Pullsync's role is to help synchronization of the chunks between neighborhood nodes. It bootstraps new nodes by filling up their storage with the chunks in range of their storage radius and also ensures eventual consistency - by making sure that the chunks will gradually migrate to their storer nodes.
There are two kinds of syncing:
- historical syncing: catching up with content that arrived to relevant neighborhood before this session started (after an outage or for completely new nodes).
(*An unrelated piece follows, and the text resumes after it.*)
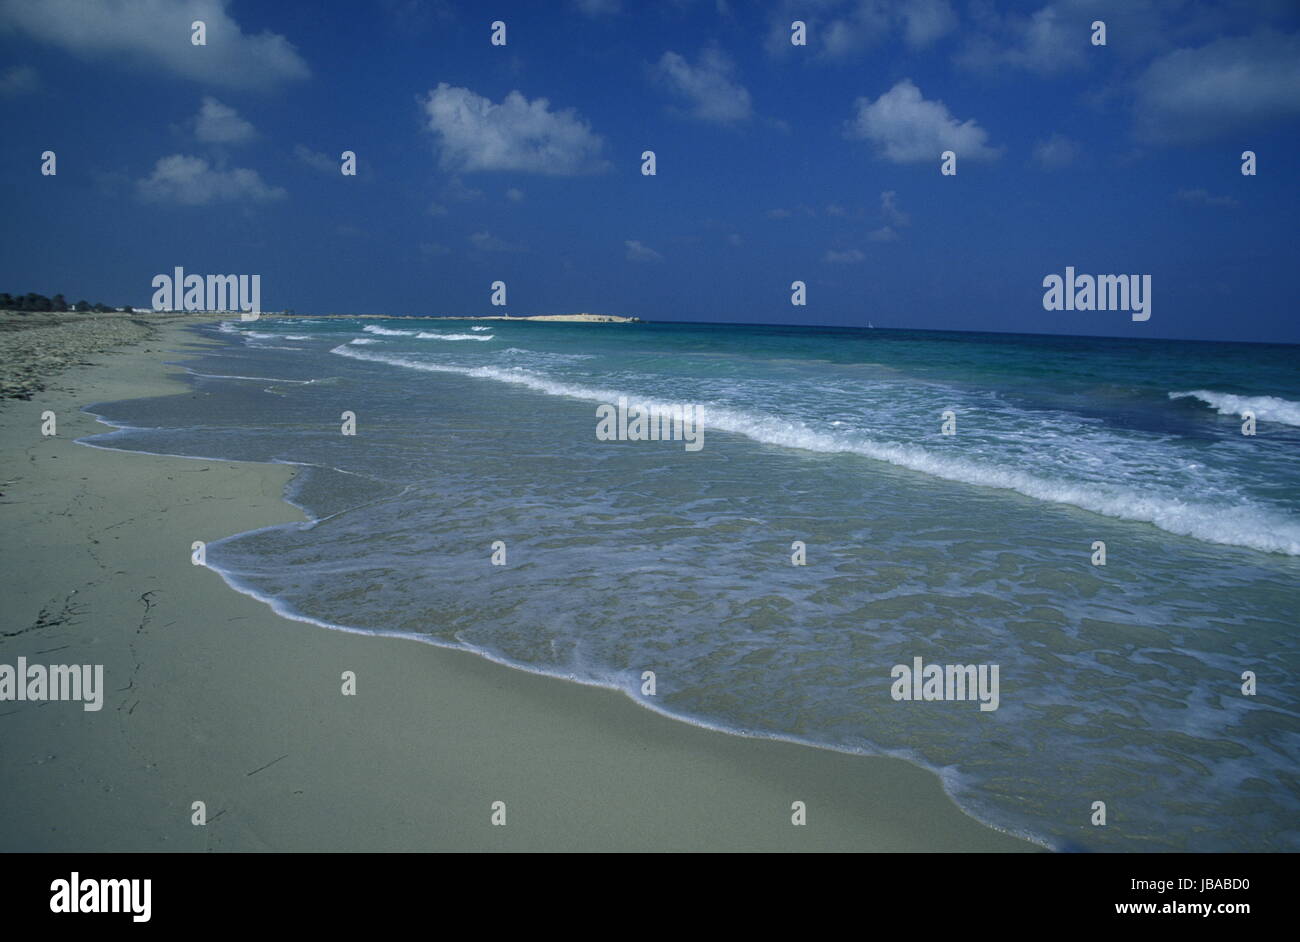 Ein Sandstrand Auf der Insel Jierba Im Sueden von Tunesien in Nordafrika. Stockfoto

- live syncing: fetching the chunks that are received after the session has started.
The chunks are served in batches (ordered by timestamp) and they cover contiguous ranges.
The downstream peers coordinate their syncing by requesting ranges from the upstream with the help of the "interval store" - to keep track of which ranges are left to be synchronized.
Because live syncing happens in sessions - it is inevitable that after a session is completed - the downstream peer disconnects and will be missing chunks that arrive later.
For this purpose the downstream peer will make a note about the timestamp of the last synced chunk on disconnect.
The point of the interval based approach is to cover those gaps that inevitably arise in between syncing sessions.
To save bandwidth, before the contents of the chunk is being sent over the wire, the upstream will sent a range of chunk addresses for approval. If the downstream decides that some (or all) addresses are desired - a confirmation message is sent to the upstream, to which it responds with the chunks mentioned in the request.
Appendix
The protobuf definitions
// Copyright 2020 The Swarm Authors. All rights reserved.
// Use of this source code is governed by a BSD-style
// license that can be found in the LICENSE file.
syntax = "proto3";
package pullsync;
option go_package = "pb";
message Syn {}
message Ack {
repeated uint64 Cursors = 1;
}
message Get {
int32 Bin = 1;
uint64 Start = 2;
}
message Chunk {
bytes Address = 1;
bytes BatchID = 2;
}
message Offer {
uint64 Topmost = 1;
repeated Chunk Chunks = 2;
}
message Want {
bytes BitVector = 1;
}
message Delivery {
bytes Address = 1;
bytes Data = 2;
bytes Stamp = 3;
}
Peer rating
When choosing a peer in relation to a given address - in addition to the distance between them - the Kademlia component will take into account two other factors:
- the historical performance of the given peer, both in terms of latencies and past occurrences of protocol misalignments.
- the accounting aspect, peers with whom we have higher credit will be preferred.
- we should also prioritise those downstream peers that managed to produce responses in a previously computed amount of time (that would take into consideration the average time needed for a hop multiplied by the expected number of hops needed to reach a target neighborhood).
Kademila should be indexing peers by their proximity order and peers rating in order to prioritize peers based on their expected performance.
Decision strategy
An optimal decision strategy will take into account both proximity order and peer rating to select (out of all connected peers) the best one to pass down the request.
At the implementation level the Kademlia component will offer (in exchange for a given address) a stateful iterator that the client (protocol) will use to get the "next-best" peer.
Transport
A reliable network transport is required for the proper functionality of DISC protocols.
It can be a distinct component whose responsibilities would be ensuring delivery, re-tries on network issues and timeouts and optimal use of network related resources.
One example of usage for such a component could be embedding into the Kademlia driver so that the topology component is only concerned with overlay related operations, abstracting away any low level transport concerns.